> _Task prompt_
Exact reproduction of the data is required, with images excluded.

> _Dataset excerpt_
————————
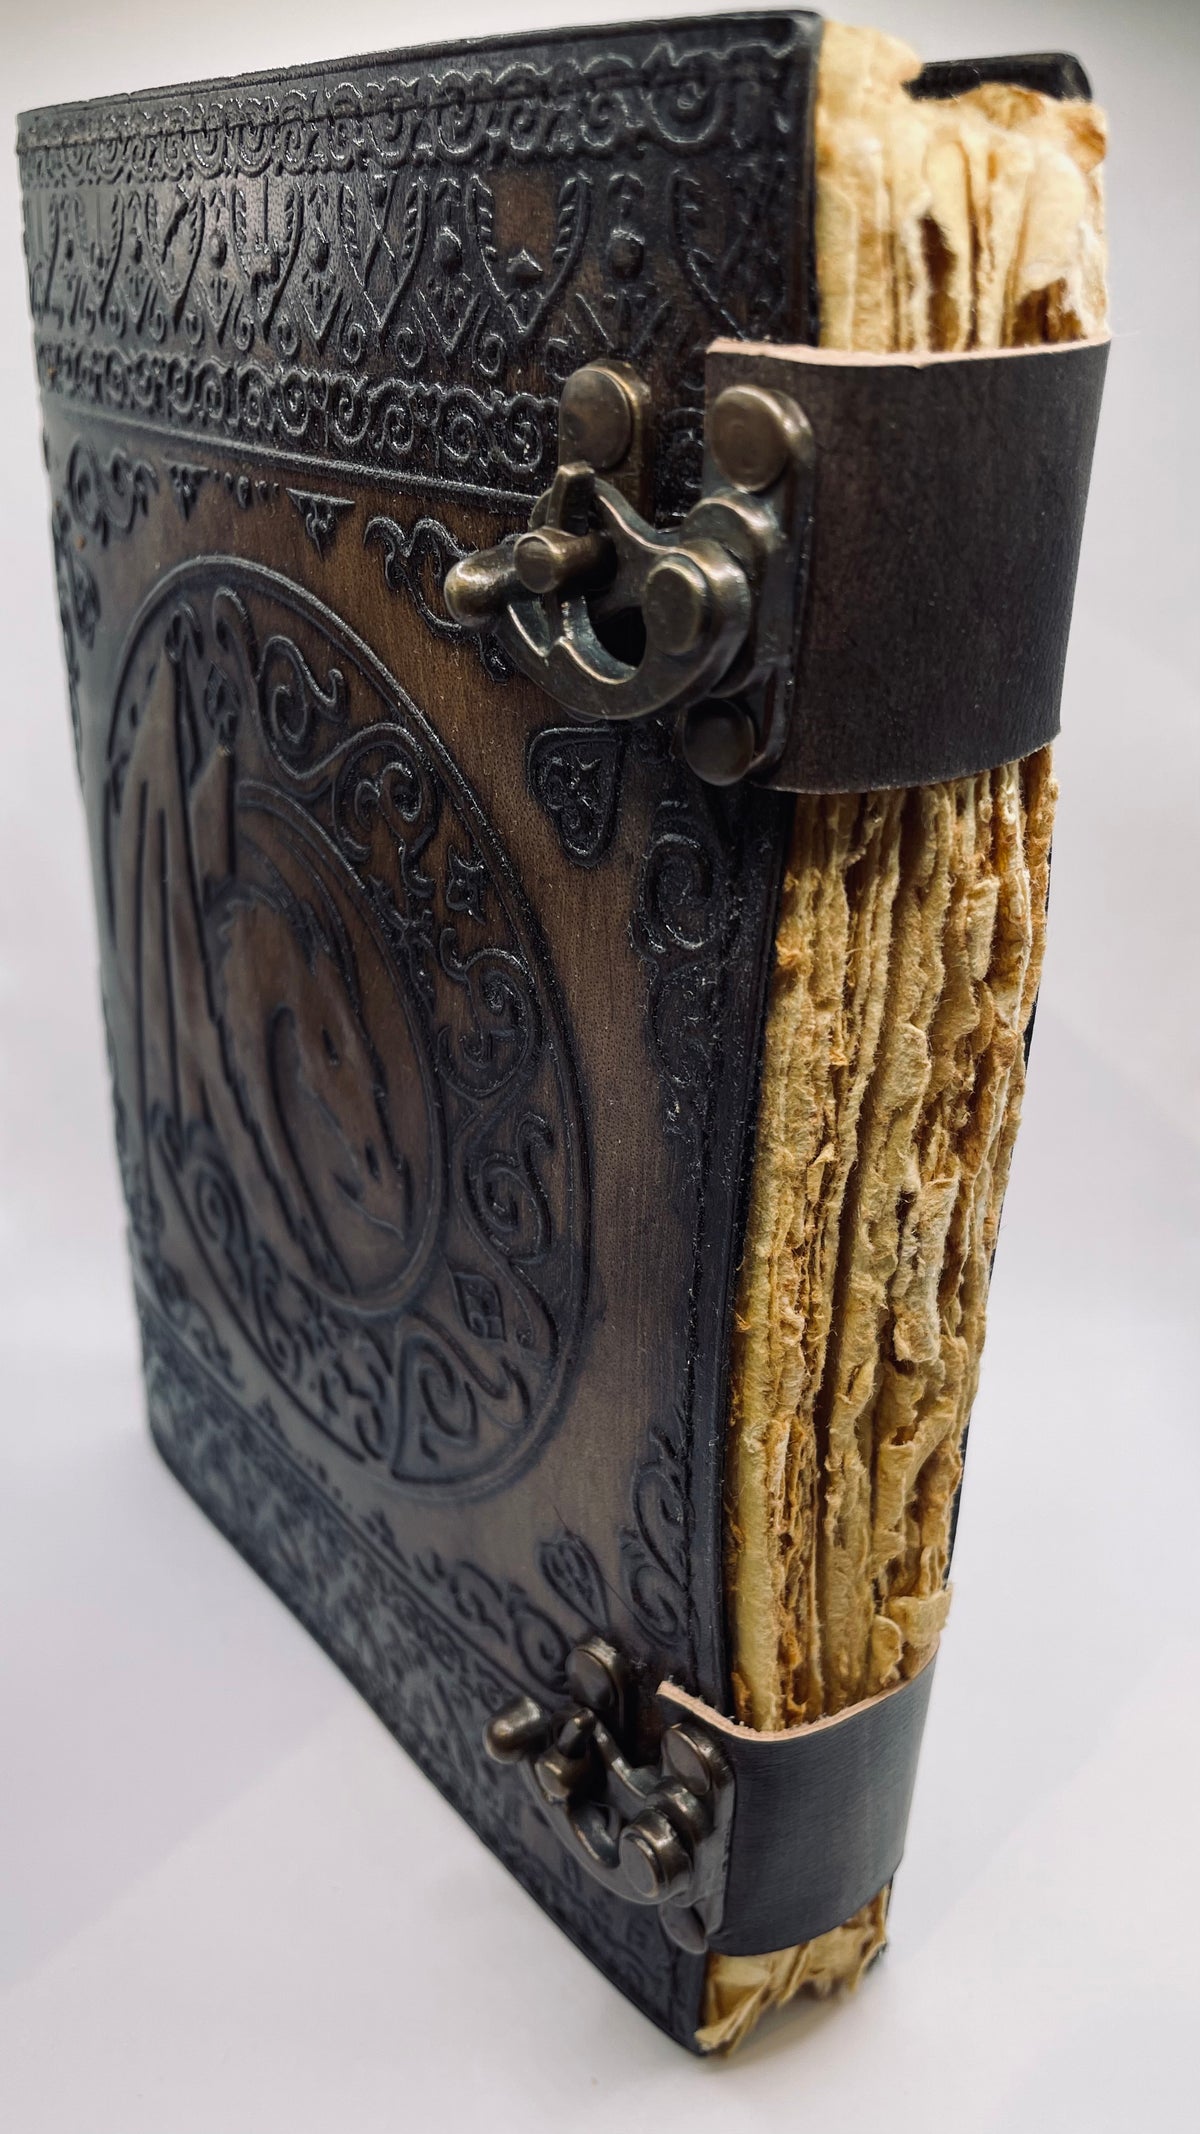 Dungeon Master Real Leather Notebook | Limited "Ancient Tome" Edition
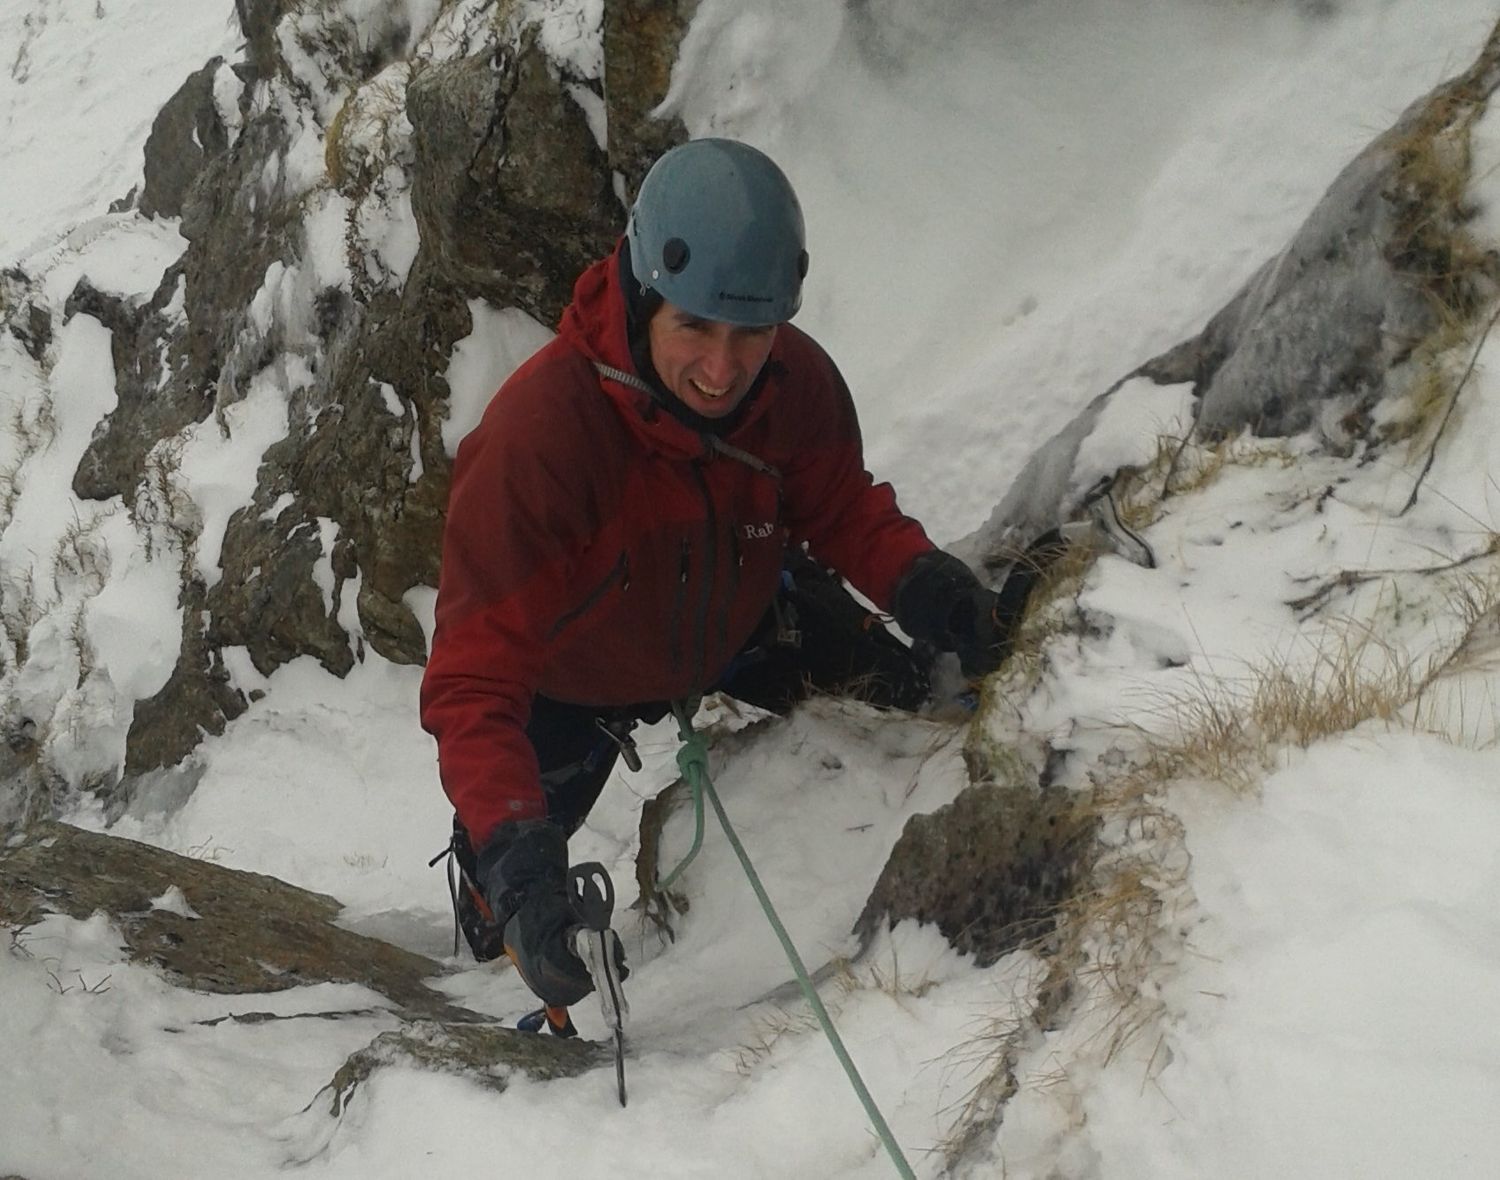  Climbing in the Lake District mountains in winter - Chris Ensoll Mountain Guide 
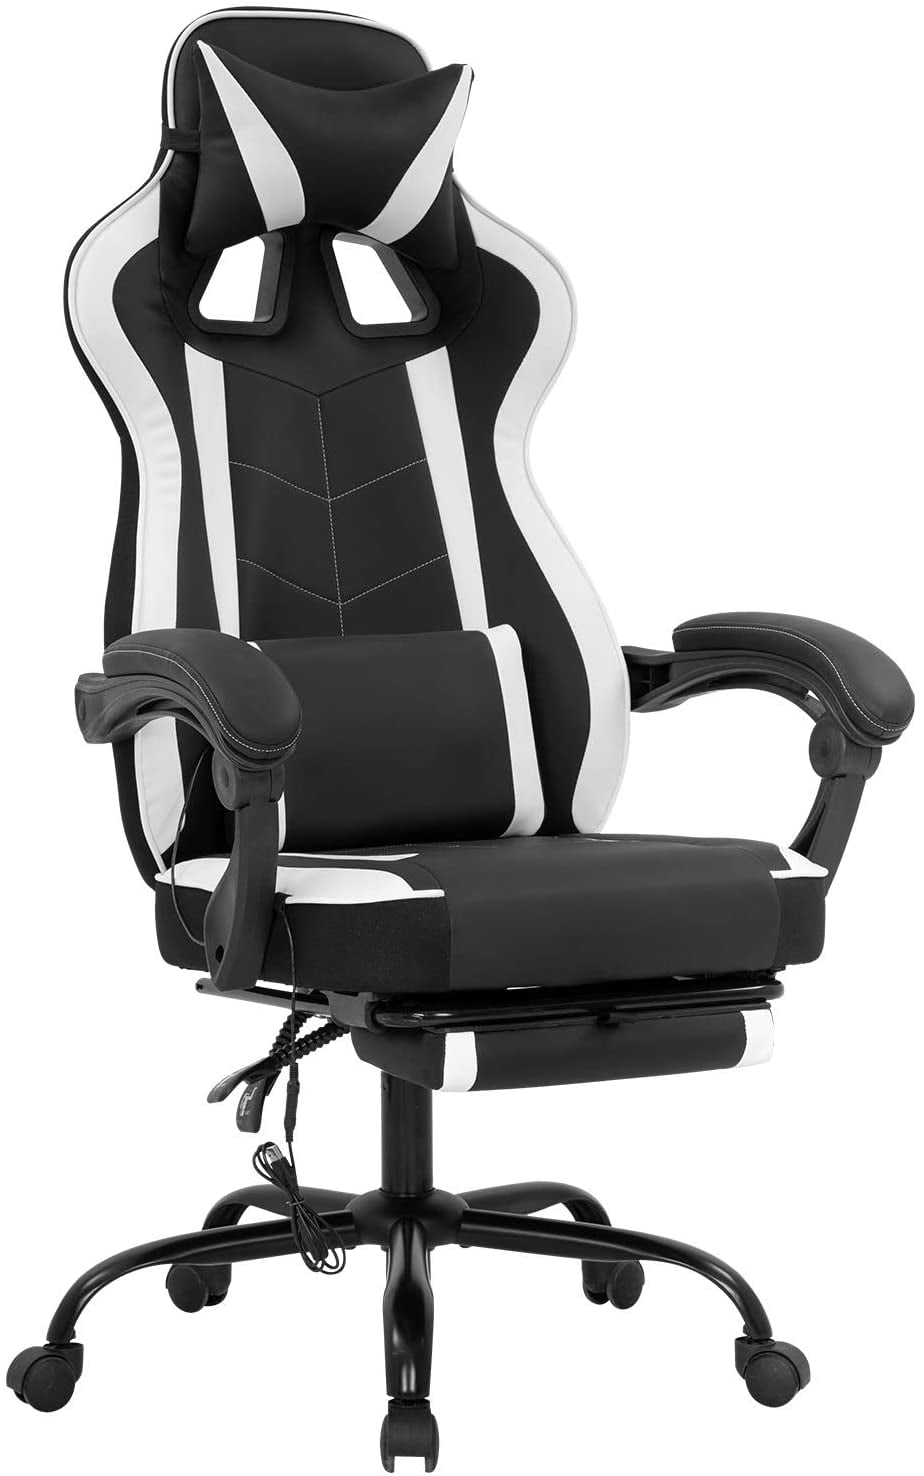 Ergonomic Gaming Chairs Racing Recliner Office Computer Desk Chairs Swivel Seats
————————
> _Solution to this exercise_
 Dungeon Master Real Leather Notebook | Limited "Ancient Tome" Edition
  Climbing in the Lake District mountains in winter - Chris Ensoll Mountain Guide 
 Ergonomic Gaming Chairs Racing Recliner Office Computer Desk Chairs Swivel Seats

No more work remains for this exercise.